> [Problem details]: Write the full listing out again, word for word, but omit the pictures.

> [Information provided]:
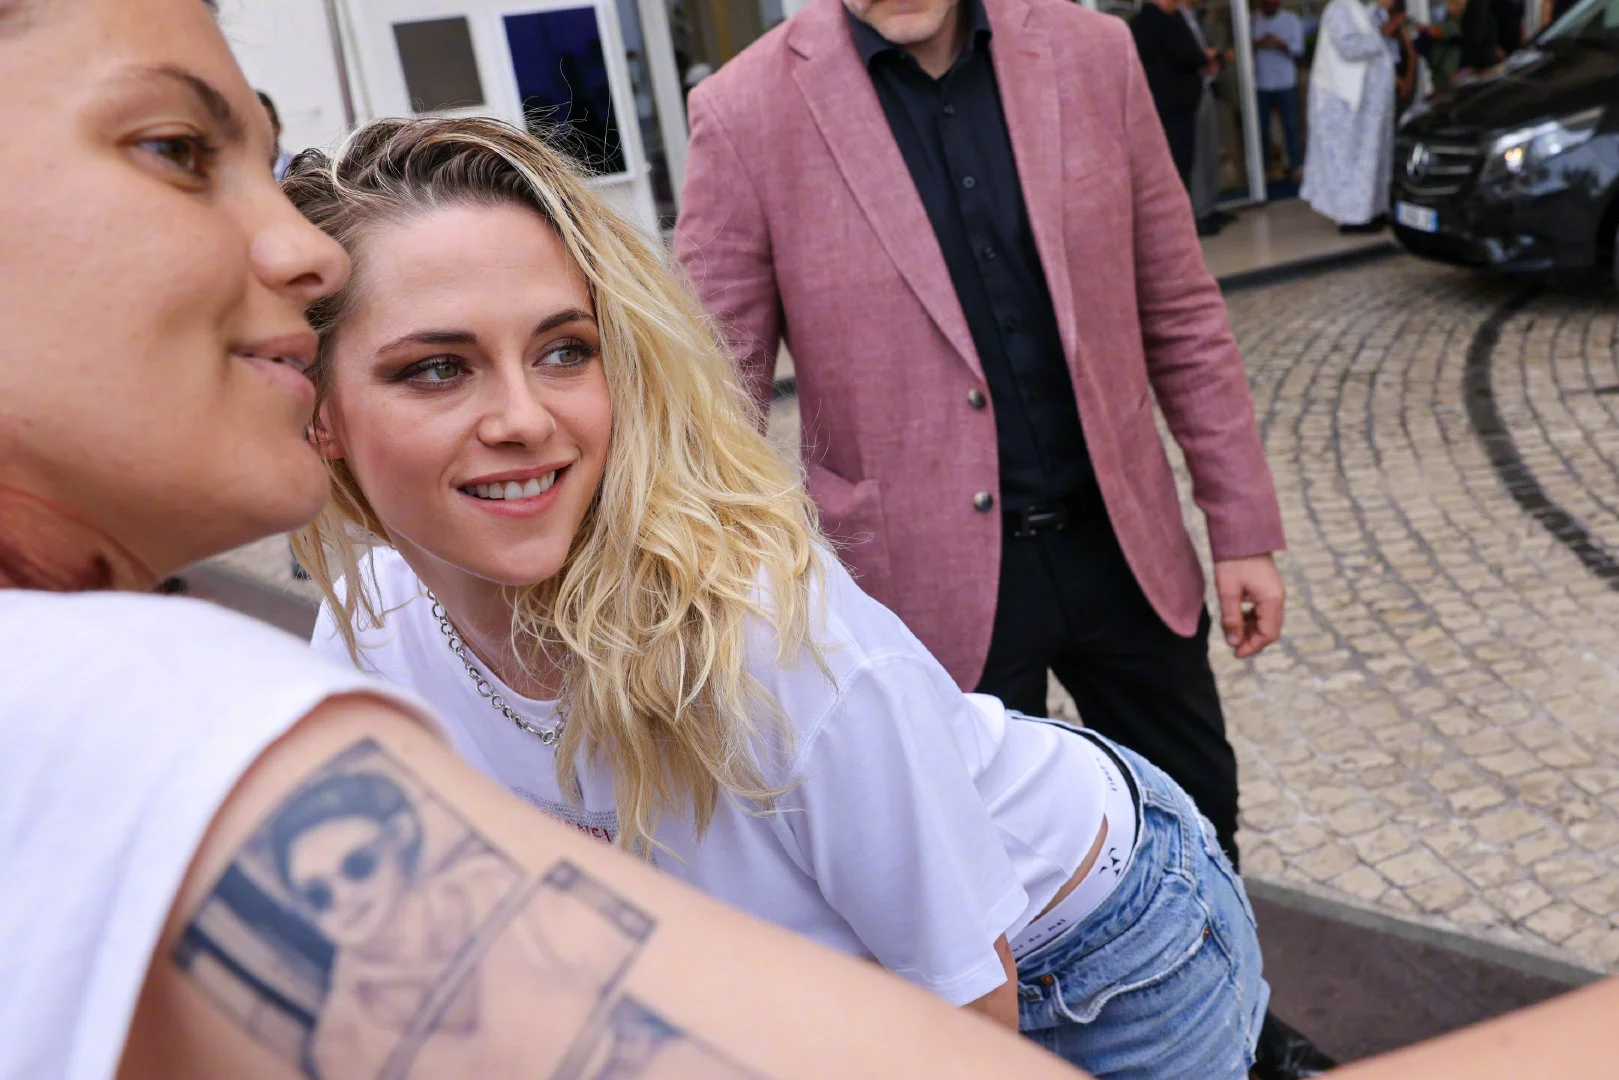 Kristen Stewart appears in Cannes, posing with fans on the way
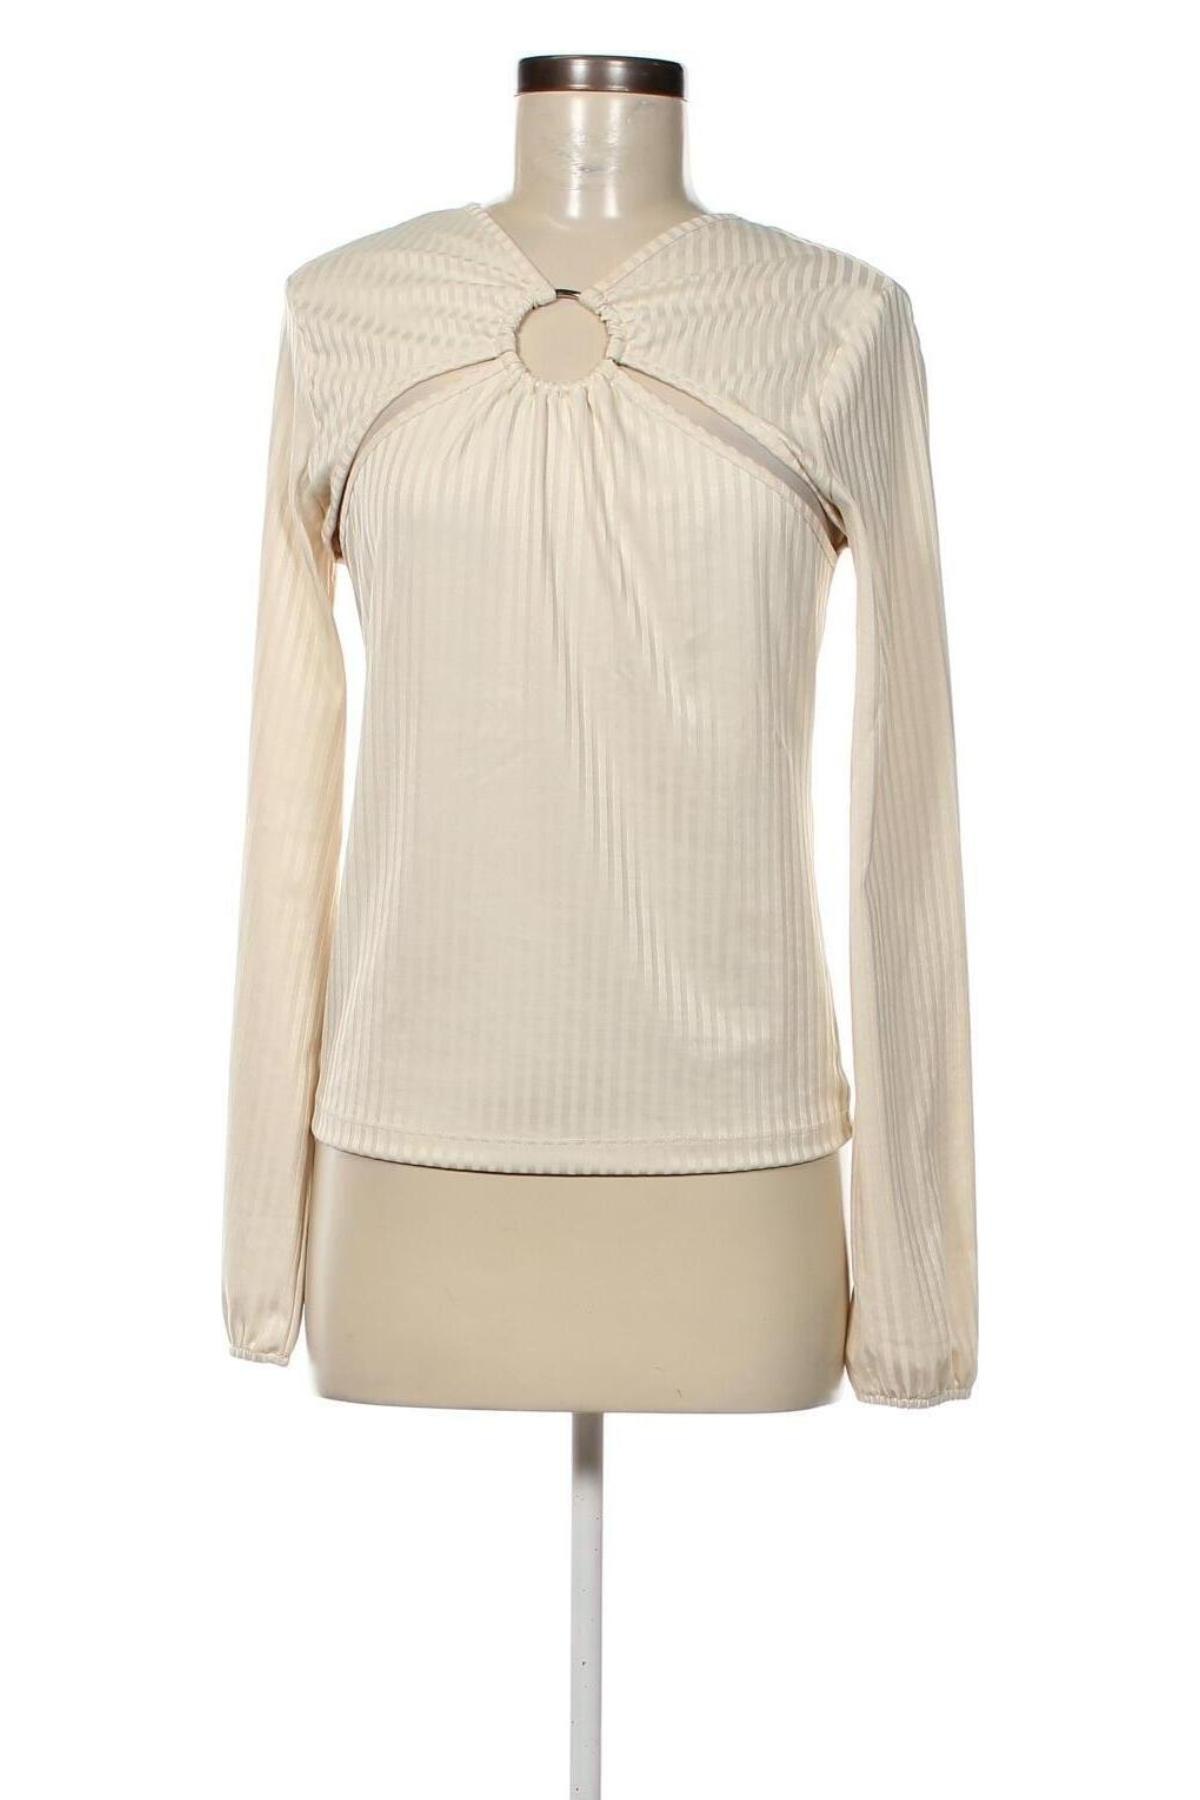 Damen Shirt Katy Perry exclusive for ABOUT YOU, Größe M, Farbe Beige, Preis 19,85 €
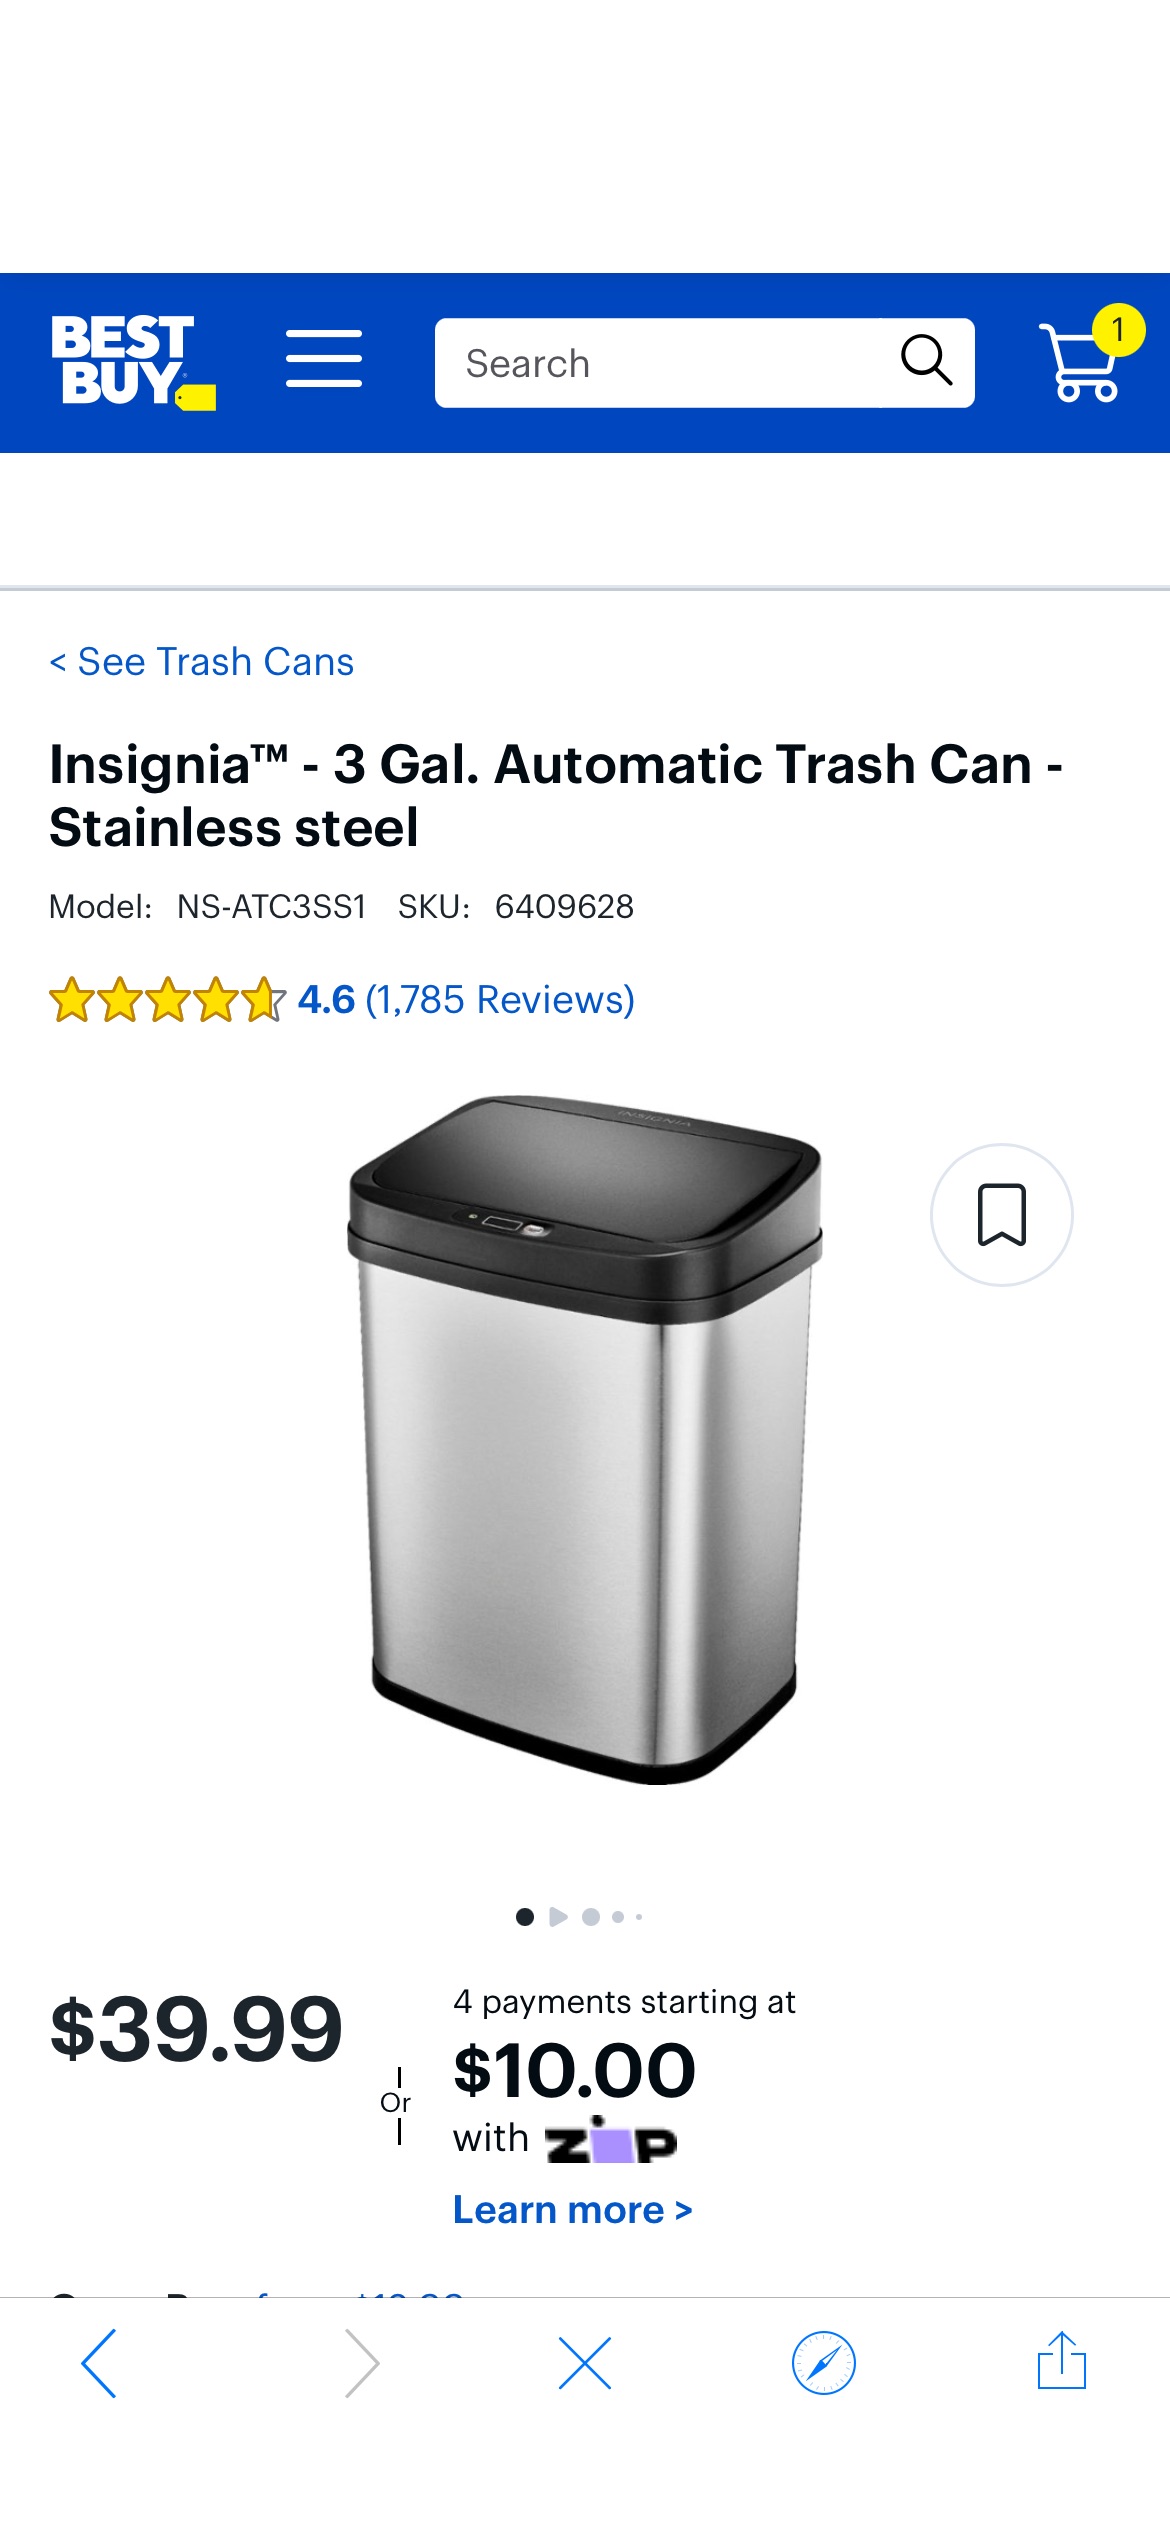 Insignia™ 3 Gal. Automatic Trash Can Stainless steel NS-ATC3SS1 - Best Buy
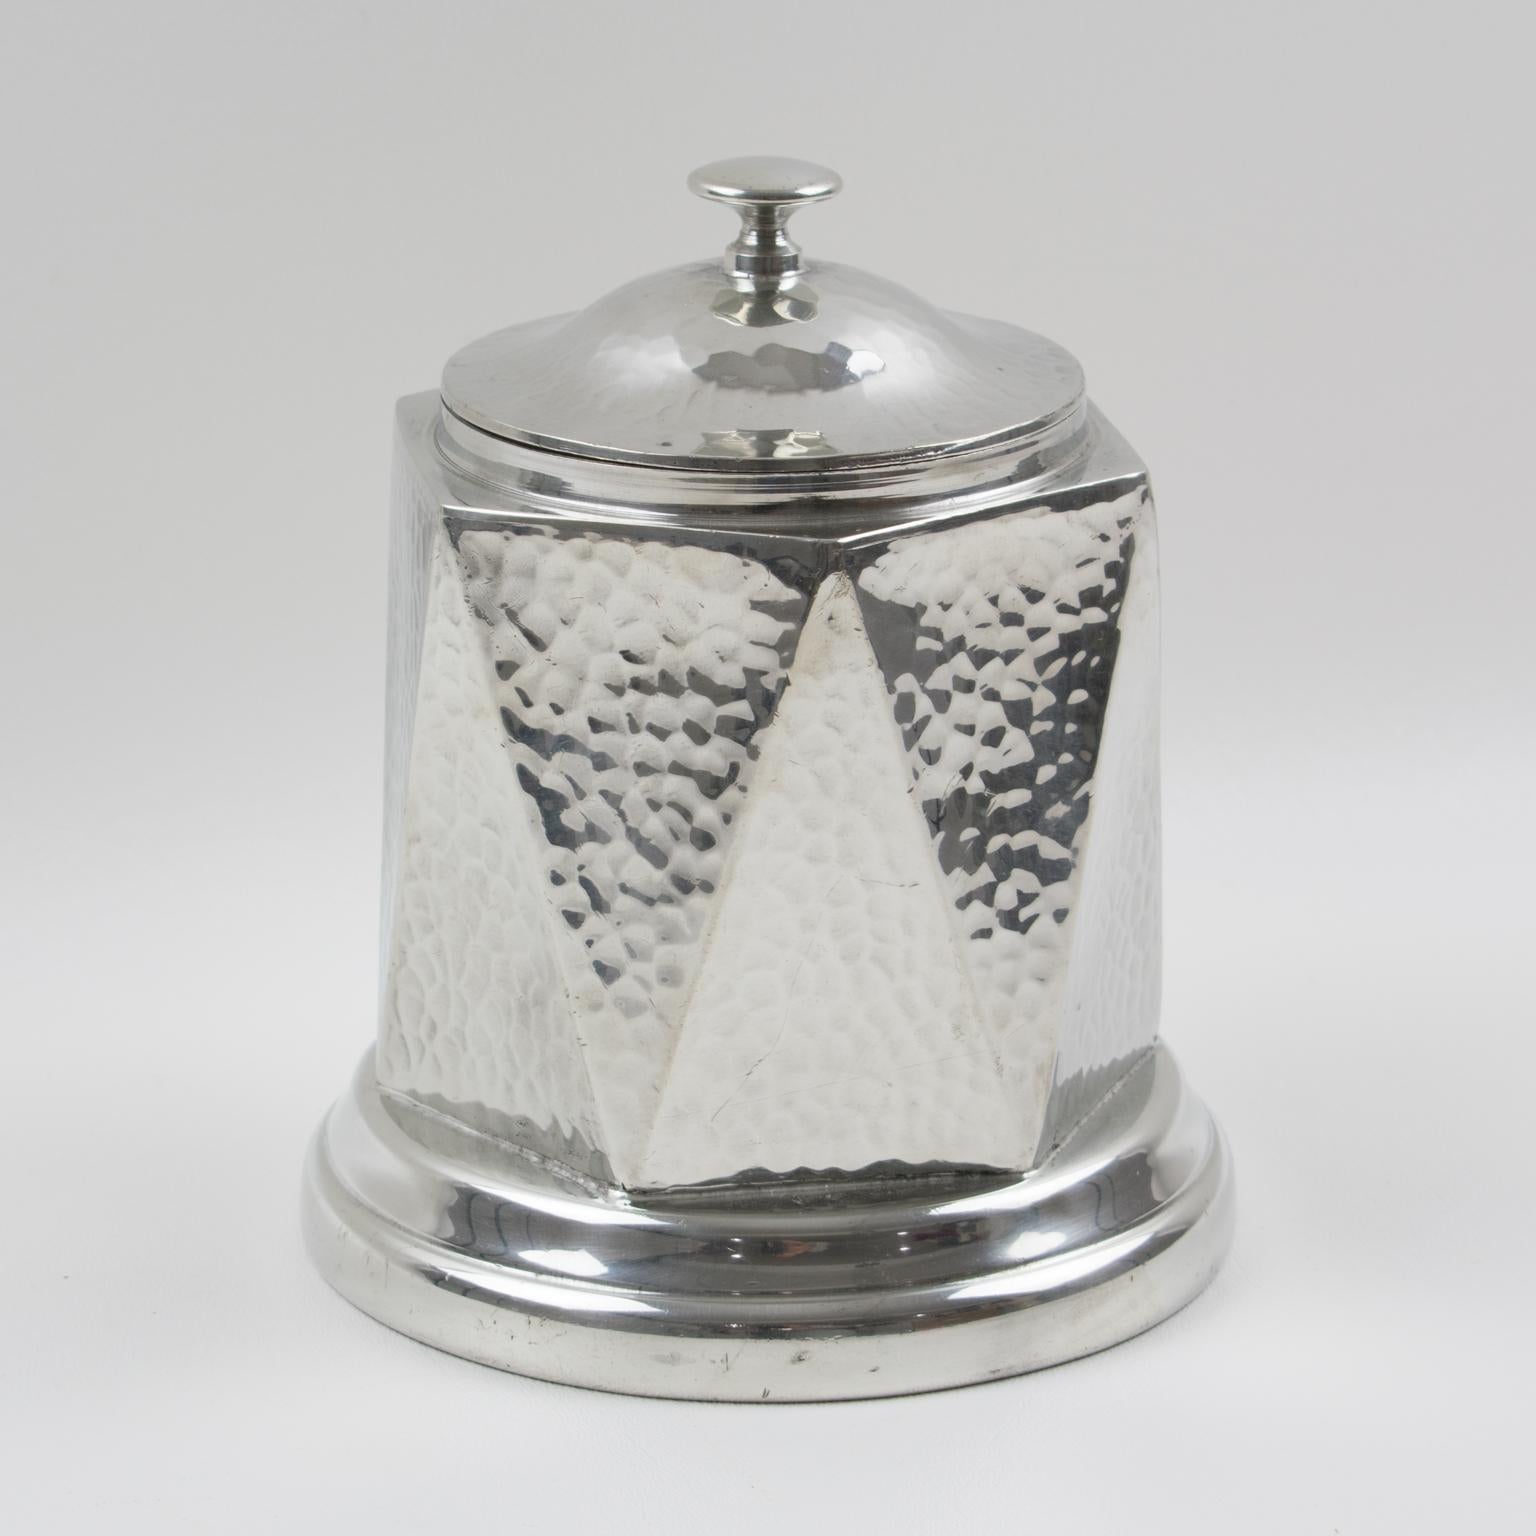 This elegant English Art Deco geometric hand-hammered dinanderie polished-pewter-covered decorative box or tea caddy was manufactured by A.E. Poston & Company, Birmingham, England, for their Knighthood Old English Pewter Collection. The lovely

> [Response to this exercise]:
 Kristen Stewart appears in Cannes, posing with fans on the way
 Damen Shirt Katy Perry exclusive for ABOUT YOU, Größe M, Farbe Beige, Preis 19,85 €
 Insignia™ 3 Gal. Automatic Trash Can Stainless steel NS-ATC3SS1 - Best Buy
 This elegant English Art Deco geometric hand-hammered dinanderie polished-pewter-covered decorative box or tea caddy was manufactured by A.E. Poston & Company, Birmingham, England, for their Knighthood Old English Pewter Collection. The lovely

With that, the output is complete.